** Dataset content follows **

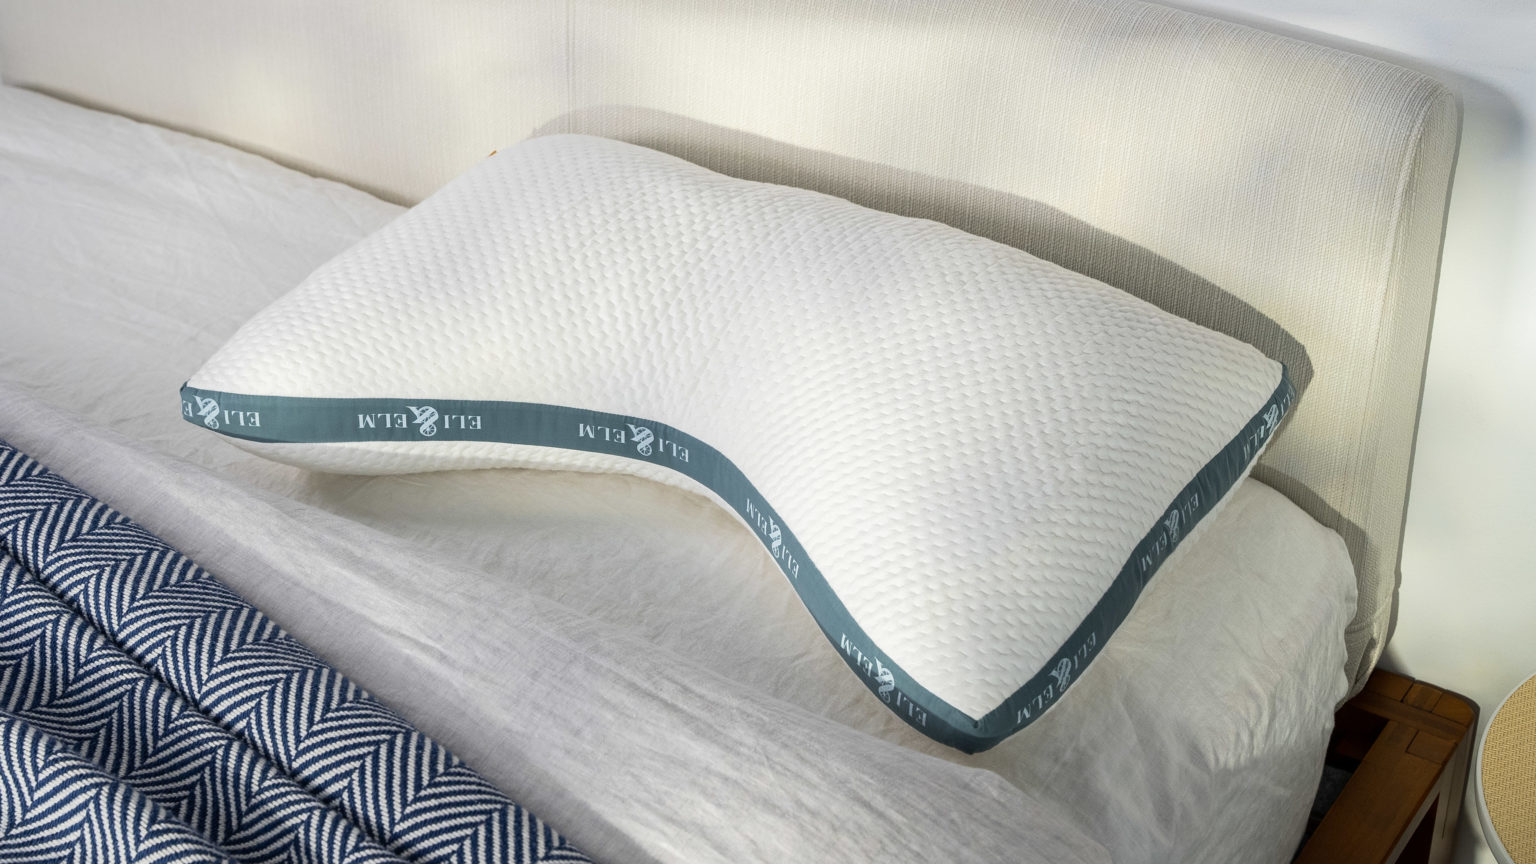 Cushion Lab Extra Dense Ergonomic Cervical Pillow for Firm Neck
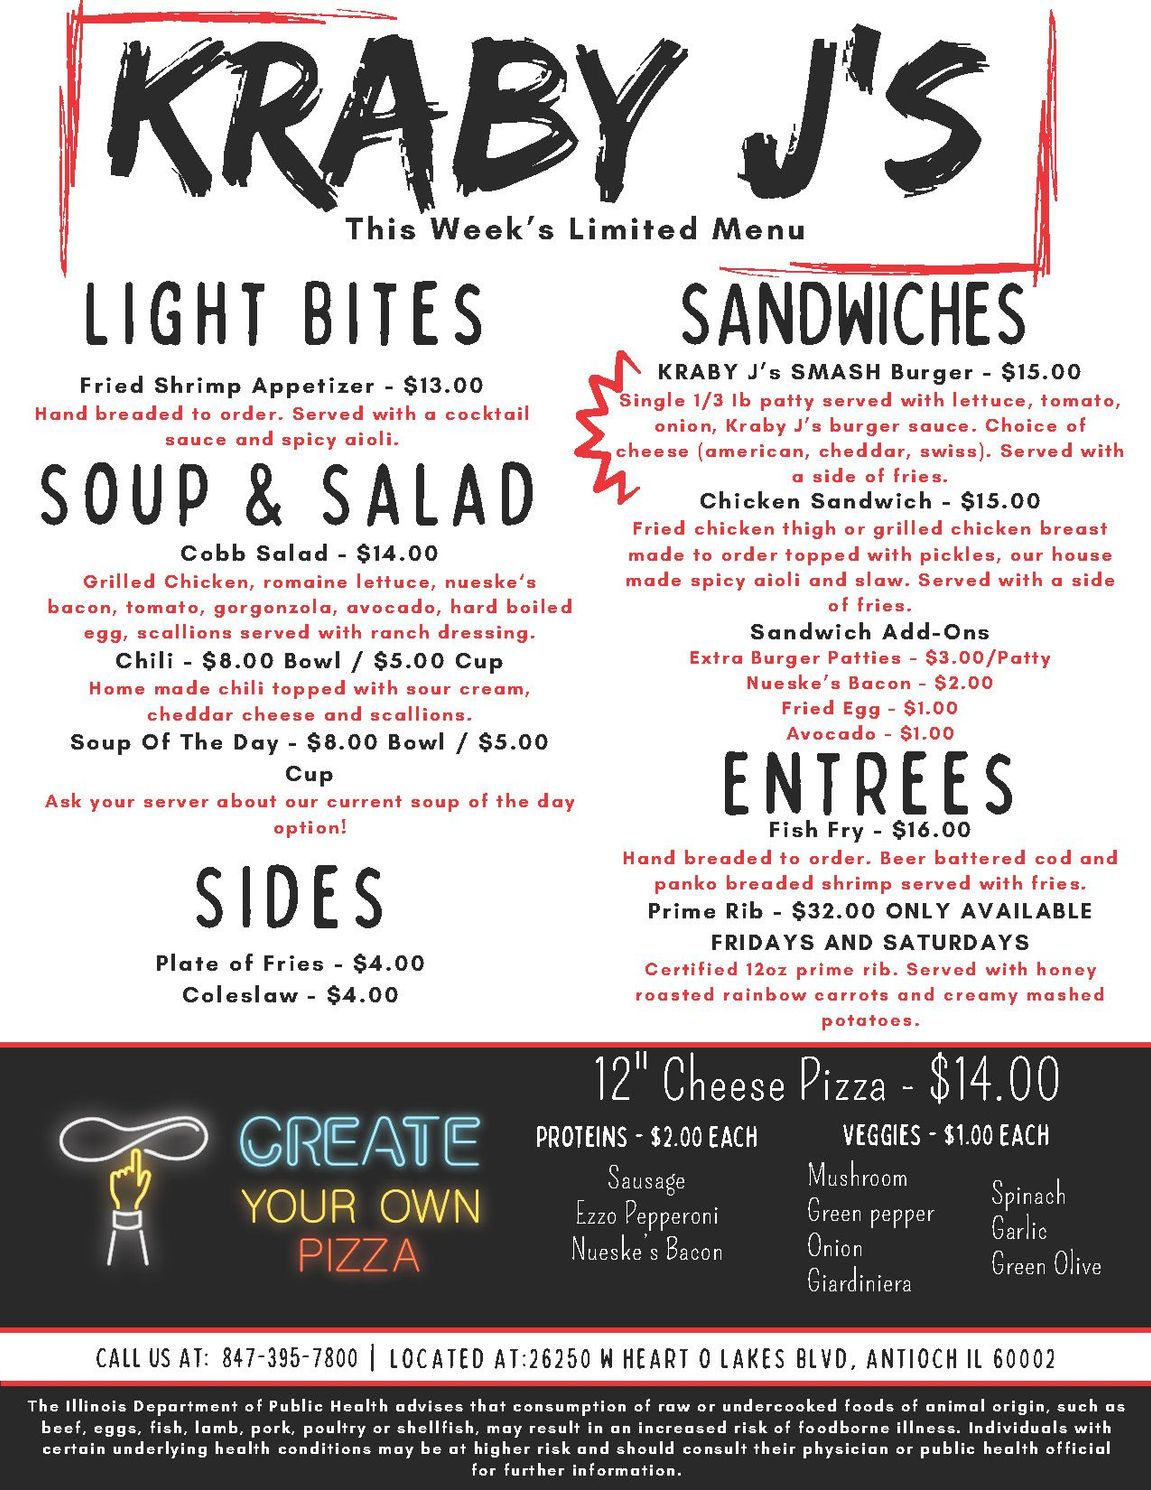 Kraby J's menu includes soup, salad, light bites, sandwiches, and sides.
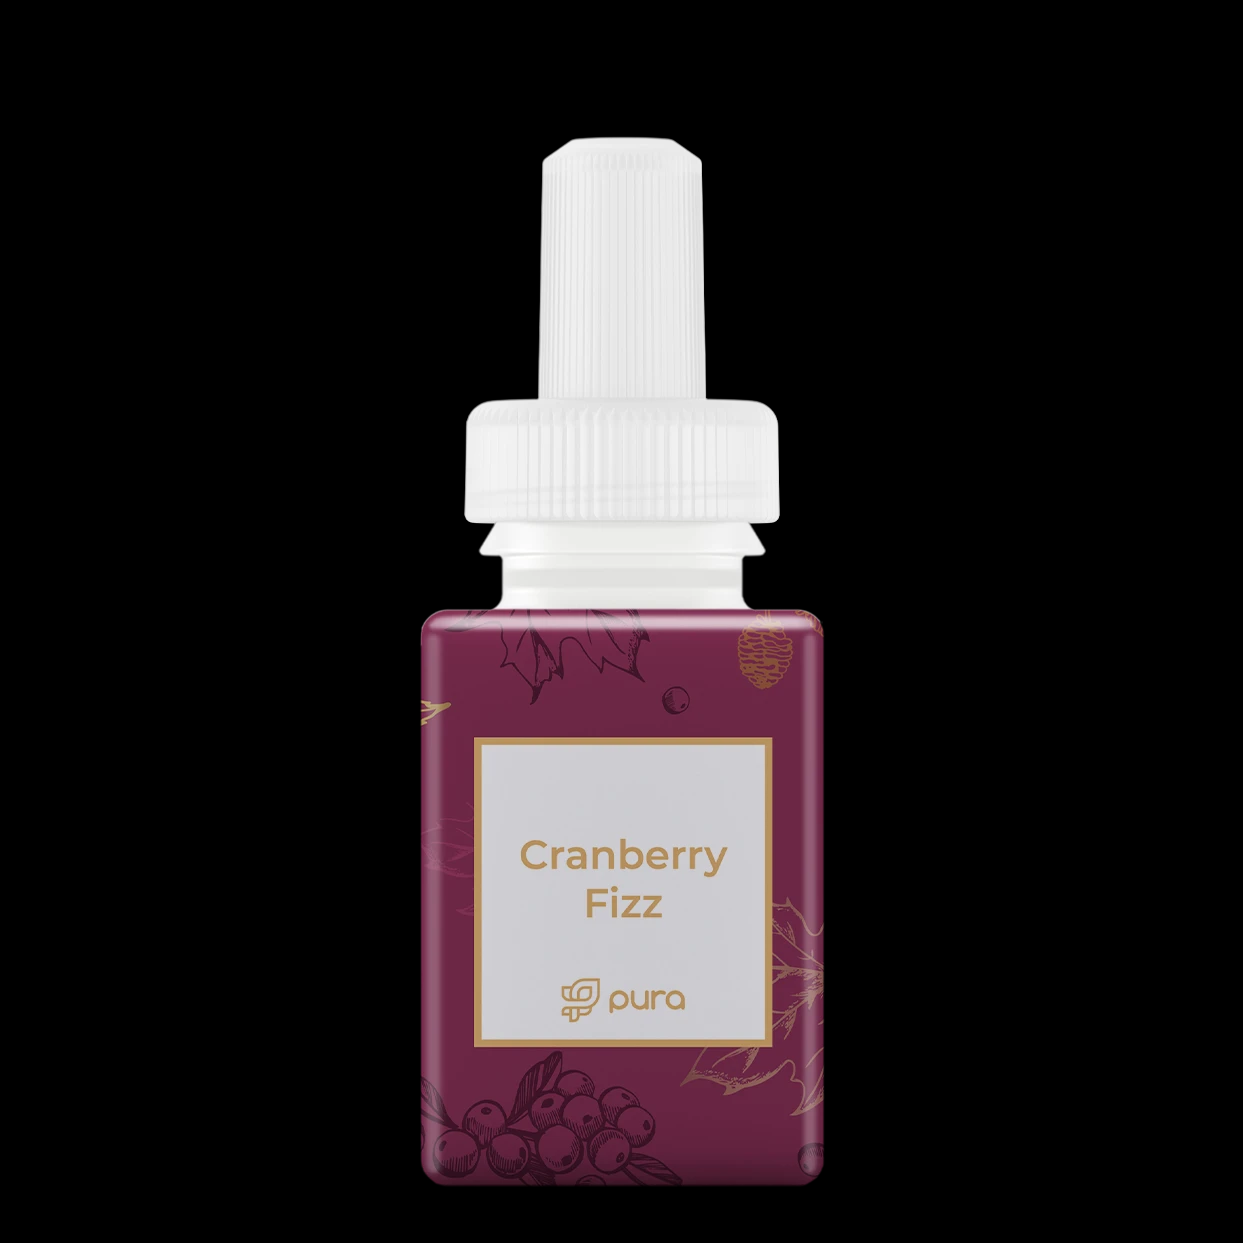 Pura Fragrance - Cranberry Fizz

** End of Dataset content **

**What the exercise asks:** Say again, word for word, every line from the one with "Kraby J's menu" through the last line of the data above, minus the pictures.

**Exercise solution:**
 Kraby J's menu includes soup, salad, light bites, sandwiches, and sides.
 Pura Fragrance - Cranberry Fizz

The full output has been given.